Marly Bird’s own shop listing now adds video support and stitch diagrams, and that extra guidance matters for this stitch in particular. The combination of written instructions, visual aids, and a clear schematic turns a specialty technique into something you can actually learn while making a wearable piece.
Sizing, fit, and what the update adds
The pattern is written in four sizes, from S/M through 4X/5X, which gives the tee a wider reach than many crochet garment patterns. That broad sizing is a major part of the shareable appeal here because it signals that the project is meant for more than one body type and more than one style of wear.
The newly added blocking guidance and yarn substitution links also make the pattern more useful from a maker’s perspective. Blocking can make a big difference in an openwork garment like this, and substitution notes help you stay close to the intended drape if Bernat Softee Cotton is not already in your stash.
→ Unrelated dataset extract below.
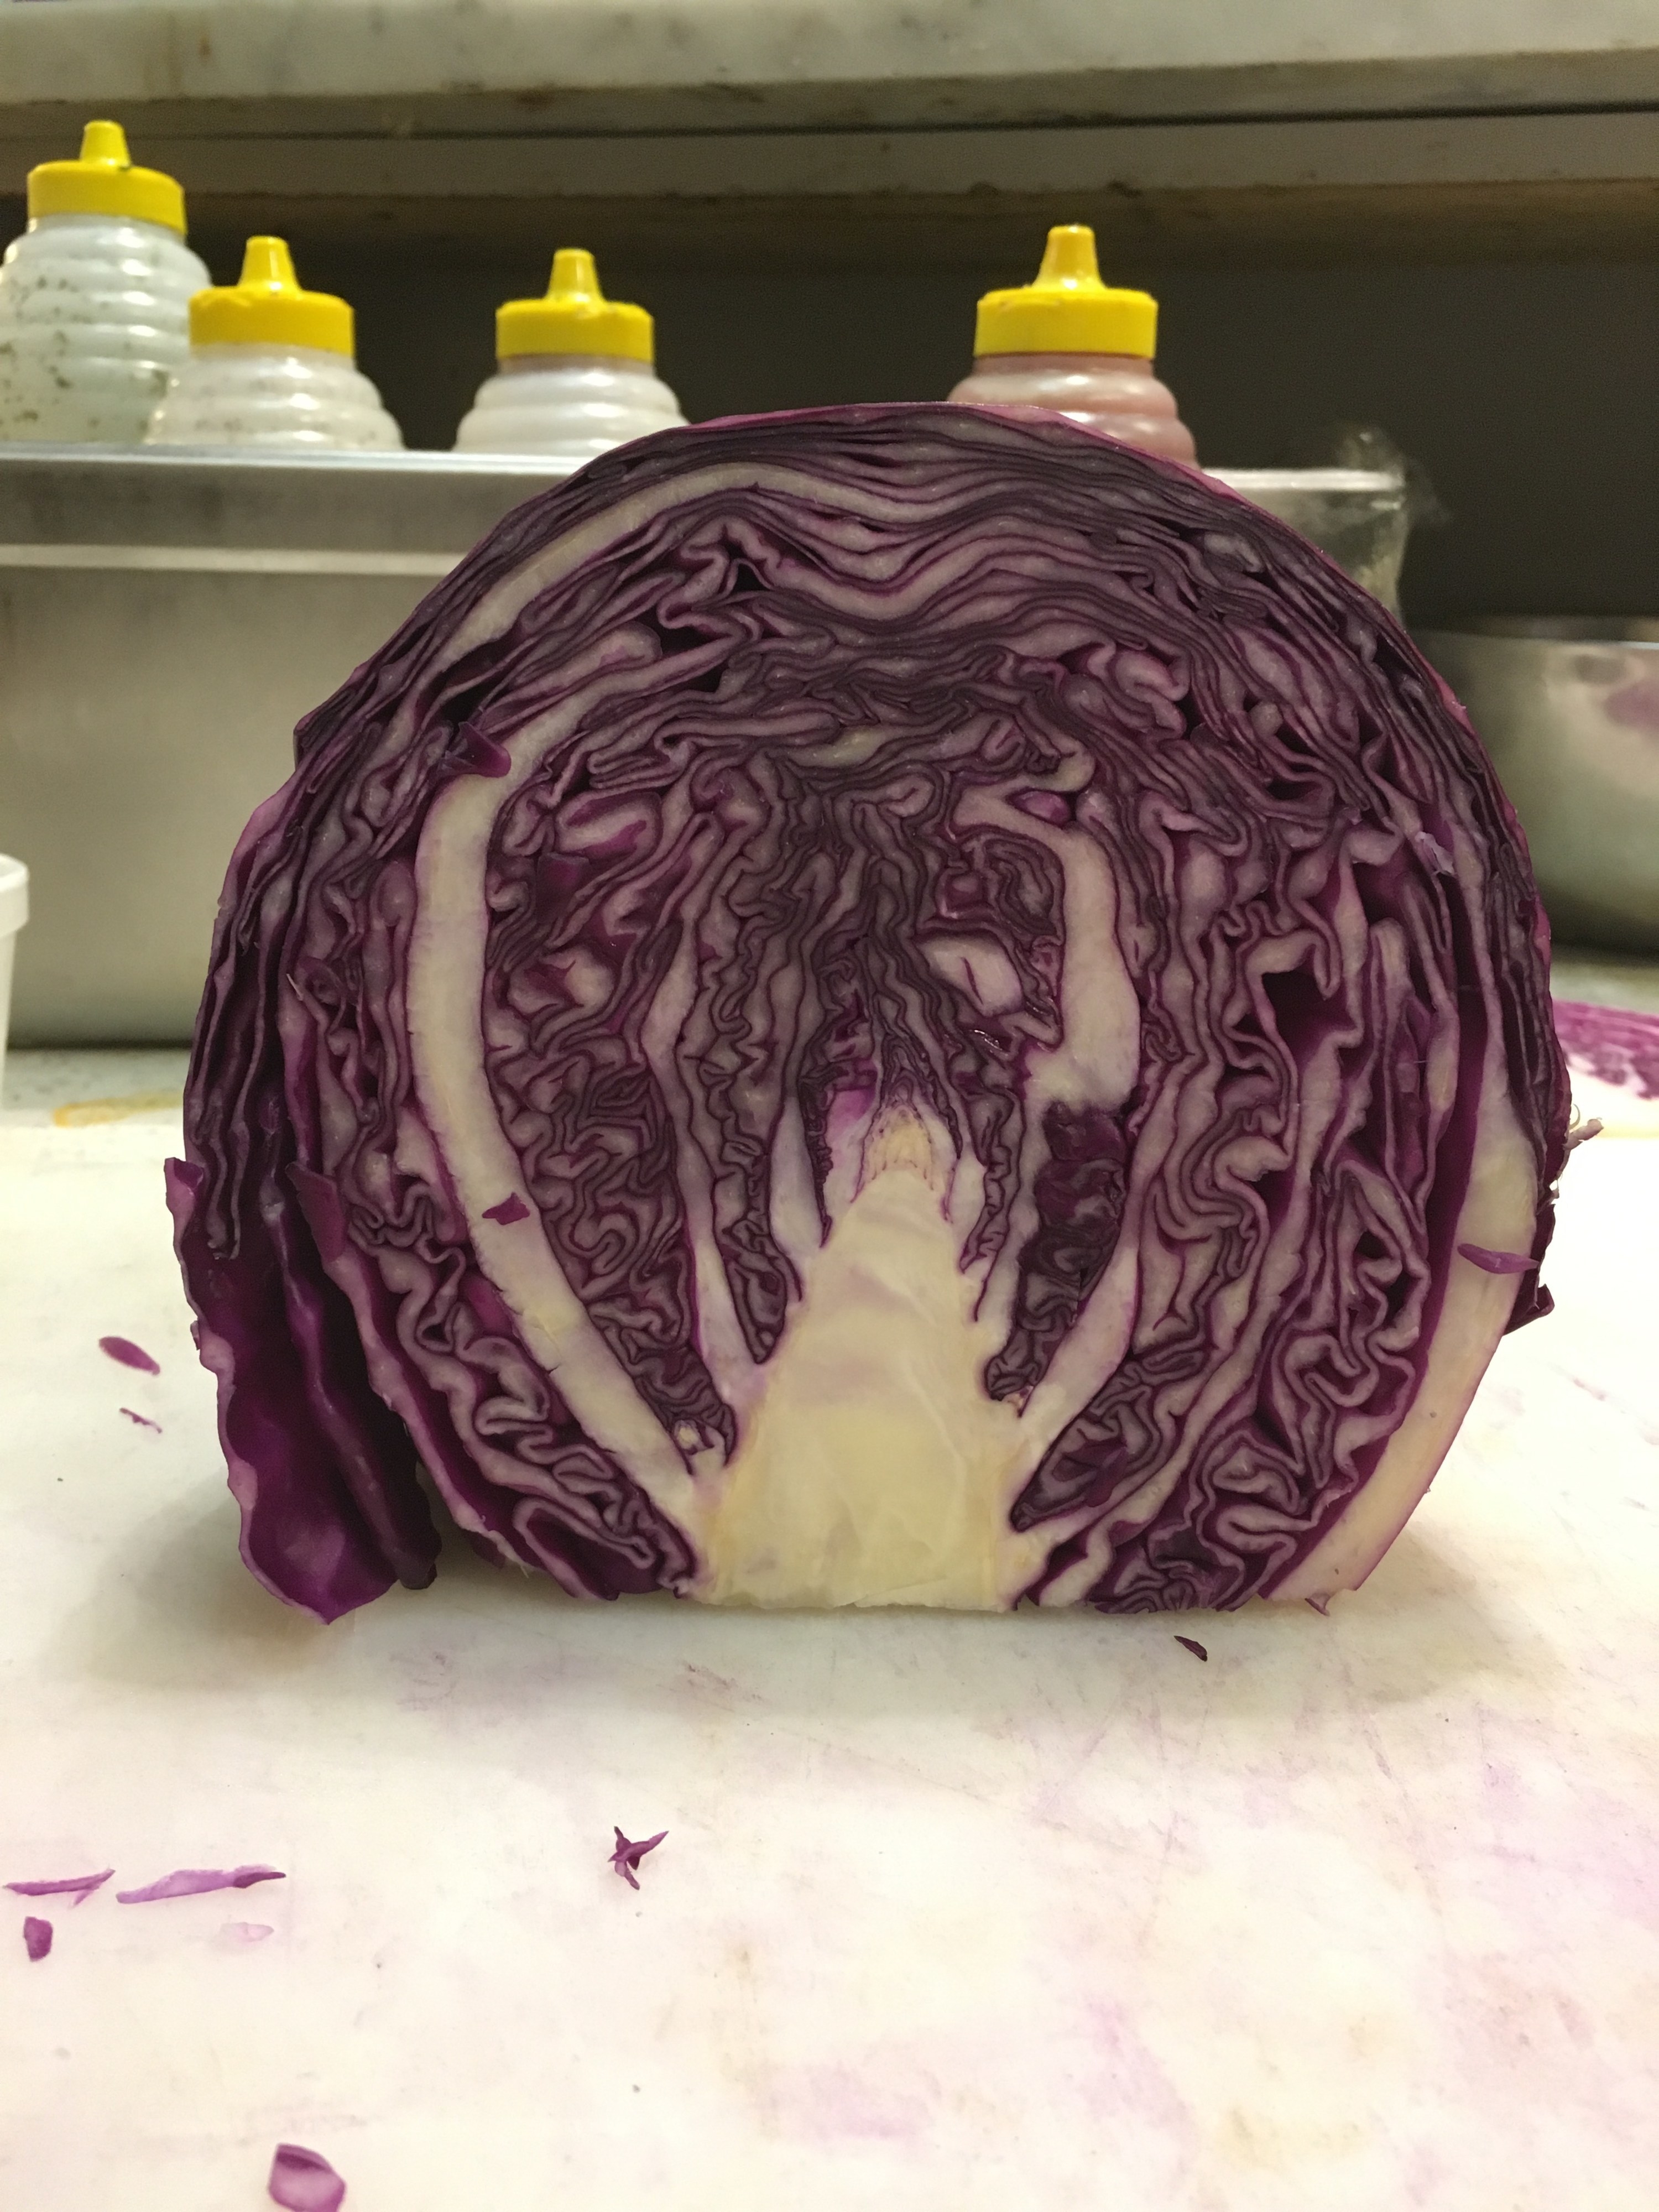 A red cabbage cut in half with the middle stalk looking like a long hallway floor

The result is a pattern that feels more complete on every level. It is still stylish, but now it is also better documented, easier to adapt, and more confident about what it wants to be: a summer top you can make, learn from, and wear.
Why this release fits Marly Bird’s broader spring push
The tee lands inside Marly Bird’s Spring Fling 2026, a weekday pattern promotion running from May 4 through May 29, 2026. Each weekday brings one free spring or summer pattern, and the ad-free PDF for that day is marked down by 65 percent for 24 hours, which adds a sense of momentum to the release.
That context helps explain the way the tee is being presented. Marly Bird, who says on her official YouTube channel that she has more than 20 years of experience, has built a reputation around making crochet feel practical and teachable. The Solomon’s Knot tee fits that approach neatly: it gives you a fashion-forward silhouette, but it also hands you the tools to understand the stitch work behind it.
The co-designer credit for Robyn Chachula also fits the pattern’s pedigree. Bird and Chachula have worked together before, including on the Sweetcorn Motif for the Moogly 2025 CAL, so this is a collaboration with history behind it, not a one-off pairing.
For crocheters looking at summer makes with both style and substance, this refresh delivers exactly what it promises. It keeps the airy specialty stitch that catches the eye, then backs it up with the sizing, tutorials, and construction details that make the finished tee feel like something worth wearing all season.